To know the moves to make at each moment, the algorithm is based on what is called “counterfactual regret minimization.” This focuses on the analysis of all possible plays. “Regret,” according to Timbers, means “how well you could have done if you had played optimally, minus how well you actually played.” An example: if in poker you have won 200 chips following some plays, but you could have won 1,000 with others, the regret is 800 chips. Therefore, the objective of game student is to reduce the 800 chips as much as possible. It takes into account all possible scenarios with the cards that are face up, that is, public information, and averages them all.
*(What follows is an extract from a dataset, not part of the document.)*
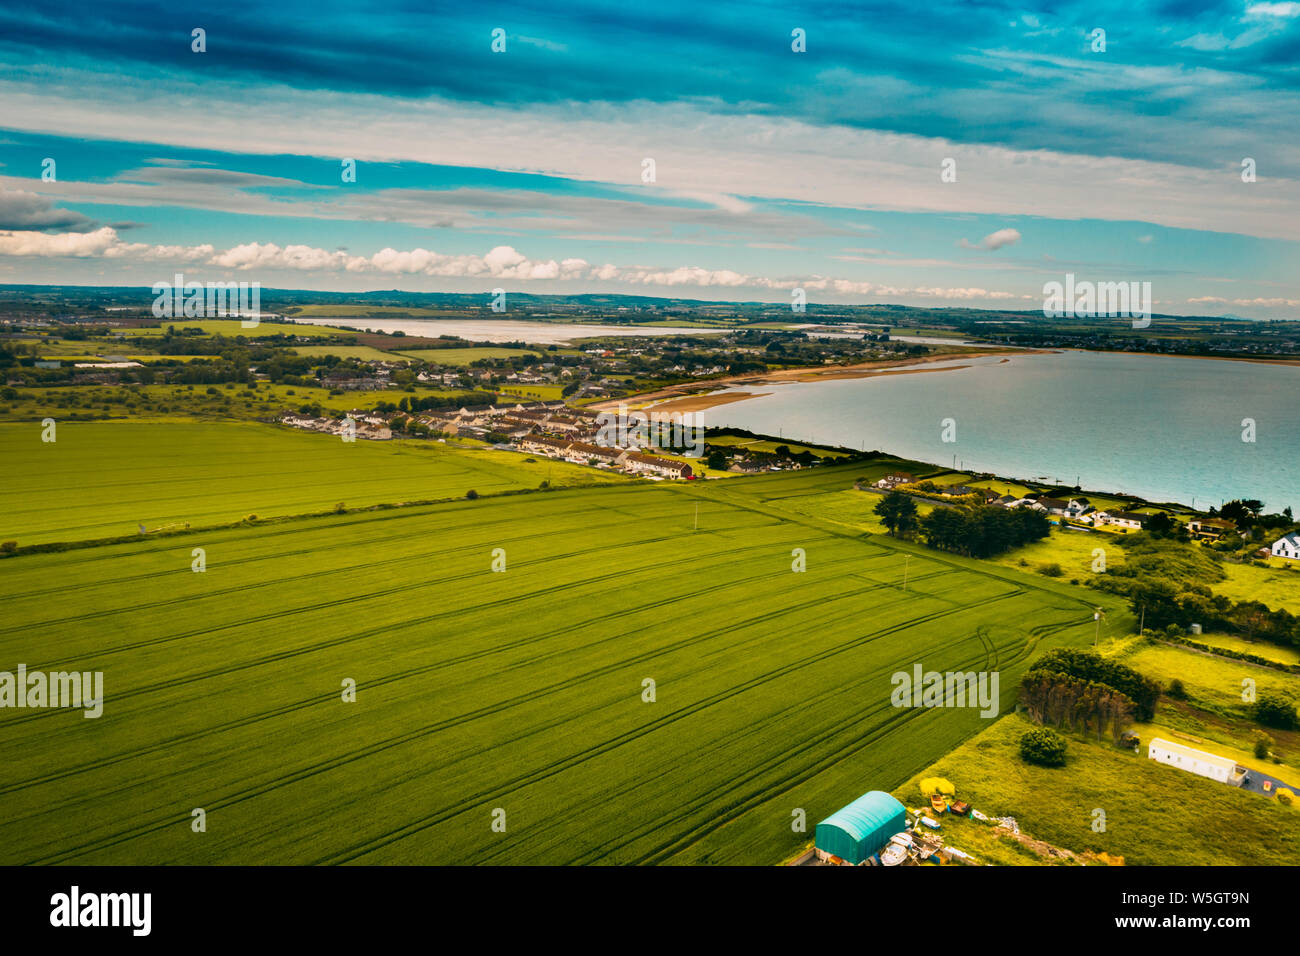 Vue aérienne du paysage de Donabate région de Dublin, Irlande. Banque D'Images

All possible scenarios converge to the Nash equilibrium, theorem of the American mathematician John Nash. The players in a game play their strategies to maximize profits and adapt them throughout the game according to the plays of others. Timbers and his colleagues have relied on it so that the algorithm searches for an optimal strategy in most situations.
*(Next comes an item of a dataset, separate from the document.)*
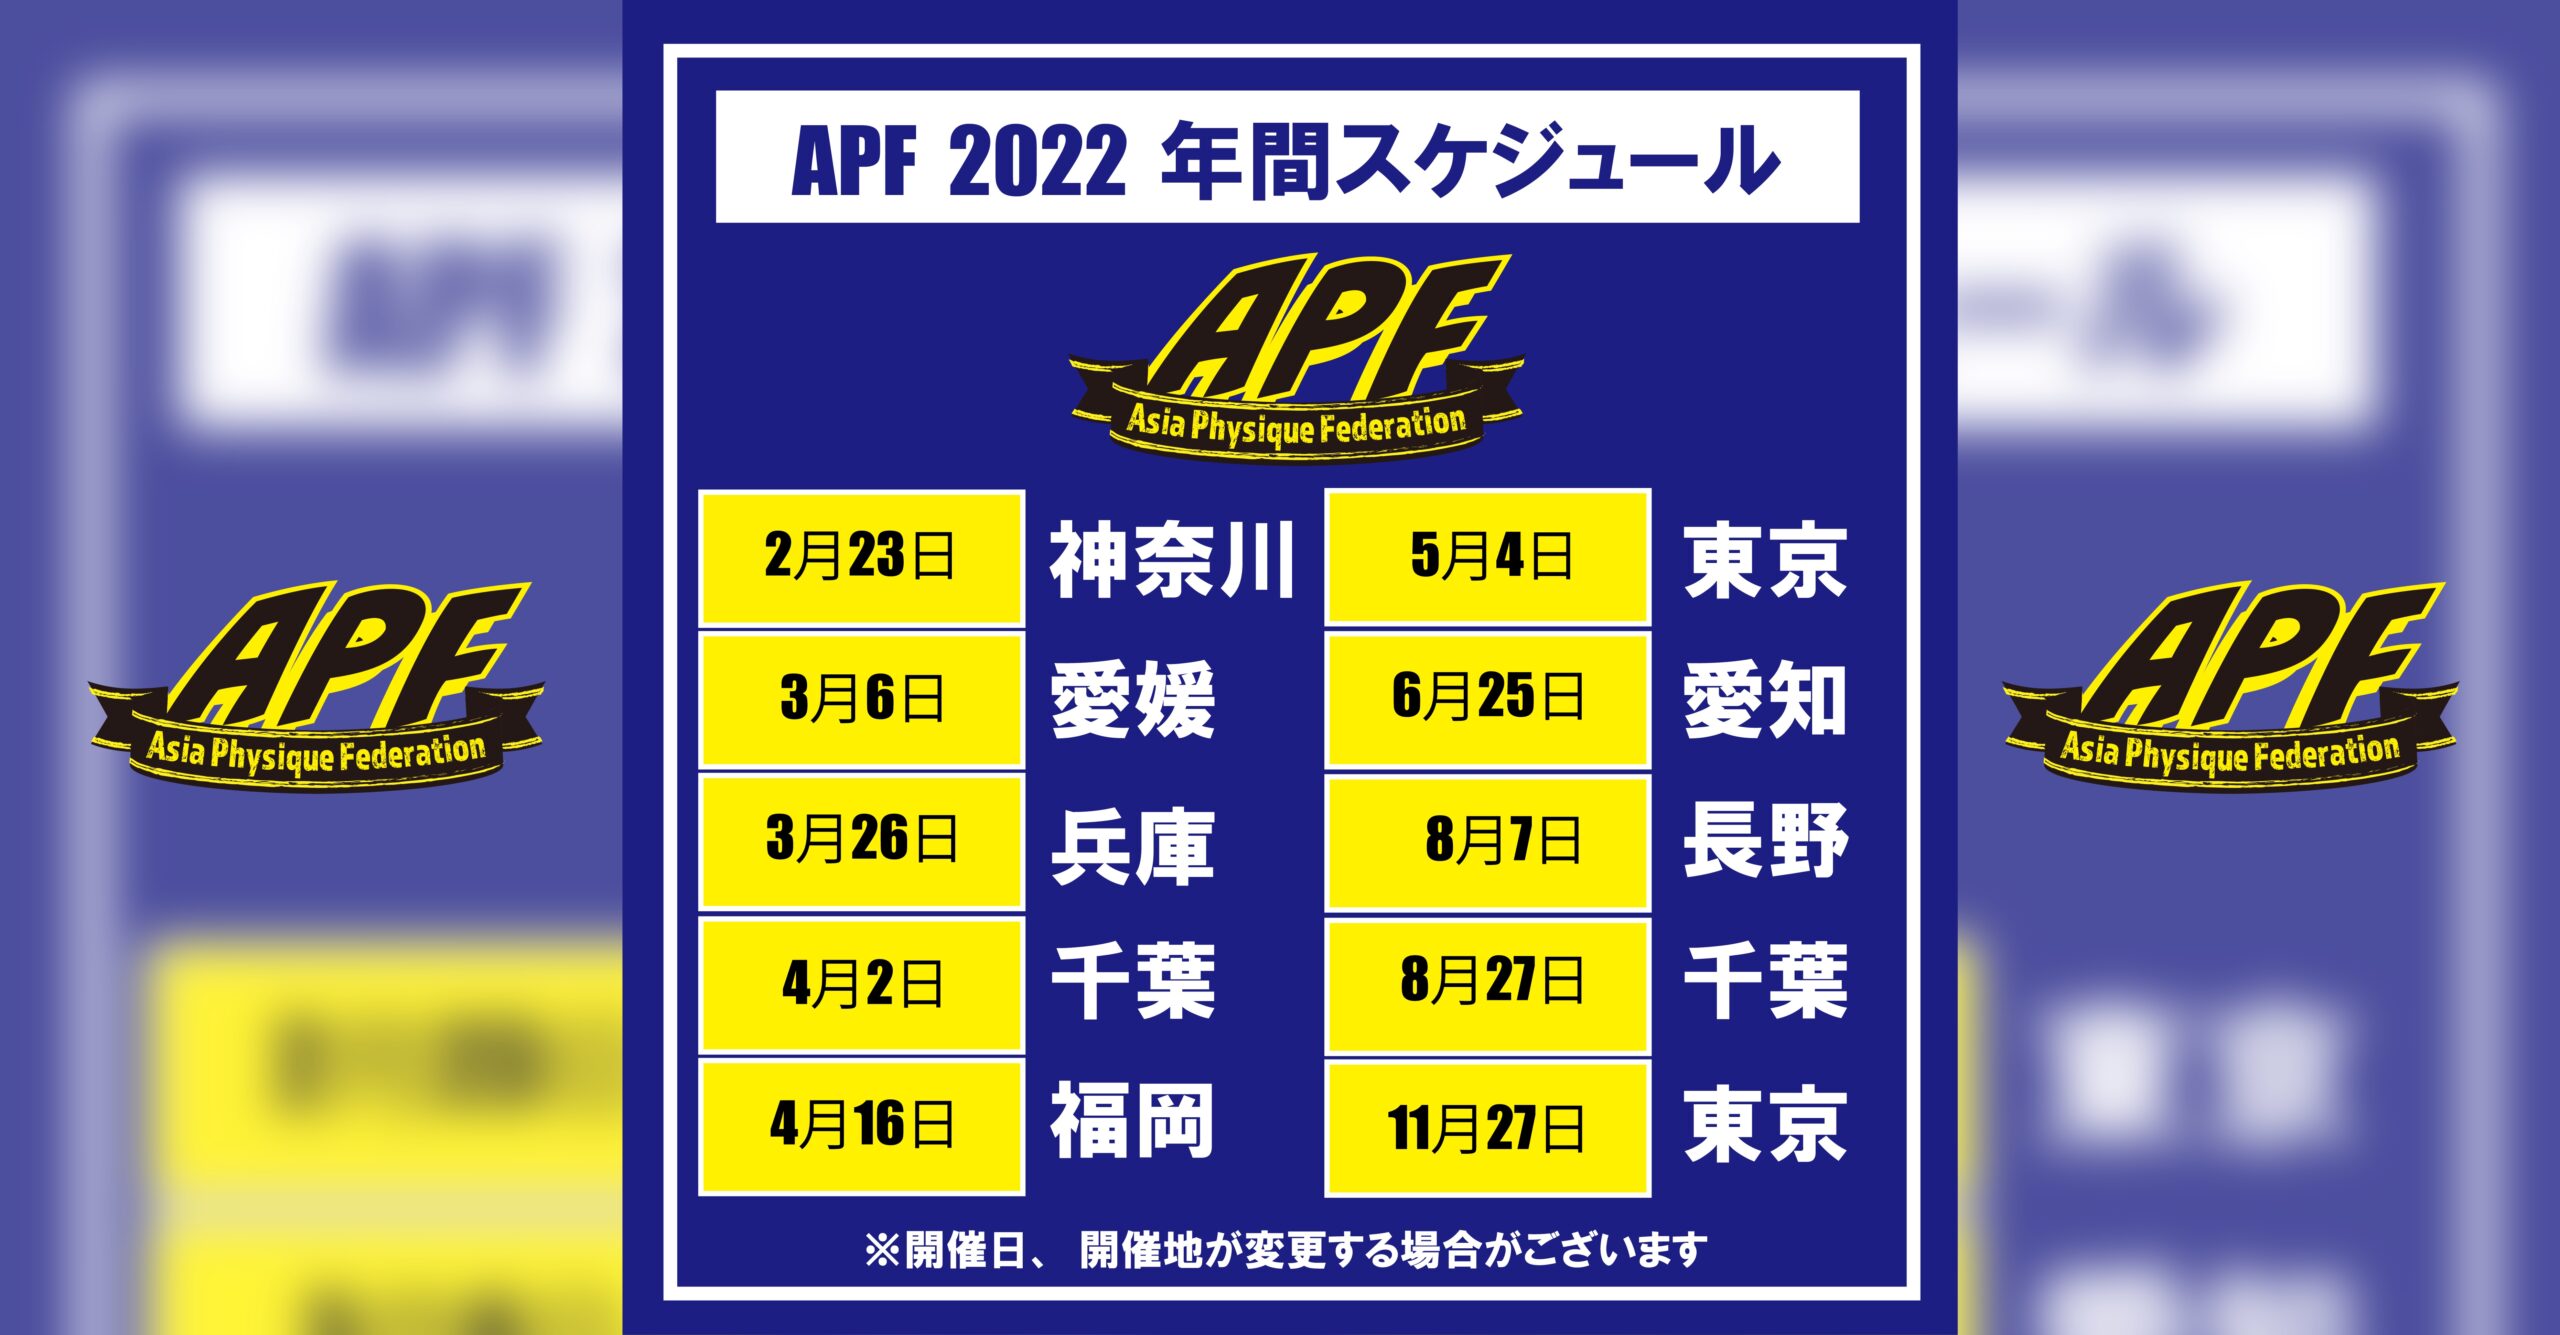 APF 2022年スケジュール公開!!

Each game transports the participant to different scenarios. In chess, when you are in a certain position on the board, you can search through the possible moves to find the best one. However, in poker it doesn’t work like that. Timbers explains that you have to consider the impact of plays in other situations: “If you start betting high every time you have a strong hand, by betting aggressively you will reveal to your opponent that you have a good hand. Likewise, if you stop betting when you have a weak hand, you will reveal to your opponent what your hand is.”

The British company DeepMind, owned by Google since 2014, developed an algorithm called R-NaD capable of playing Stratego like an expert human, a popular 40-chip game where players must capture the opponent’s flag or leave them without chips. R-NaD uses algorithmic tricks to obtain good performance but without using the search method. For this reason it is not as strong as an algorithm. Student: “The literature has historically shown that algorithms that search through possible actions are often better at games than algorithms that do not use search, but they are slower and more expensive to train,” reveals Timbers.

Competitive artificial intelligence is used to measure the effectiveness of computer programs and to obtain a better gaming experience, but it can also have negative implications: “It is very possible that cheating occurs on poker betting websites and in similar games. Many competitive video games will try to be inflexible with the software allowed on each player’s computers to ensure that an artificial intelligence does not play, something that Riot Games already does with Valorant (2020)”, indicates Diego Rodríguez-Ponga Albalá, founder and director of Póntica. To this end, he points out that it is foreseeable “that very sophisticated artificial intelligence will be developed to automatically detect whether the player is human or not.”

Gema Ruiz, head of innovation at Softtek EMEA, also points out other limitations of the algorithm, such as the use of betting abstractions in poker and “computational expenses.” The use of abstractions consists of grouping similar plays that are treated in the same way to reduce the complexity of the game. When the student trains in poker, he uses random betting abstractions to reduce the number of actions from 20,000 to 4 or 5. In the future, the study suggests that his use could be replaced by “a broader policy that can handle a variety of actions in game situations with a large number of possible decisions,” says Ruiz. Furthermore, the enumeration of all possible moves of the algorithm involves a high cost and for this they propose a “generative model”, according to the study. This generates state samples [estrategias] of the world and operates on the subset of the selected samples, rather than listing all possible hand combinations.

Despite this, the tool, for Ruiz, is “a promising contender in the field of gaming algorithms driven by artificial intelligence.” It highlights “its ability to improve performance with increased computational resources, together with solid theoretical foundations.”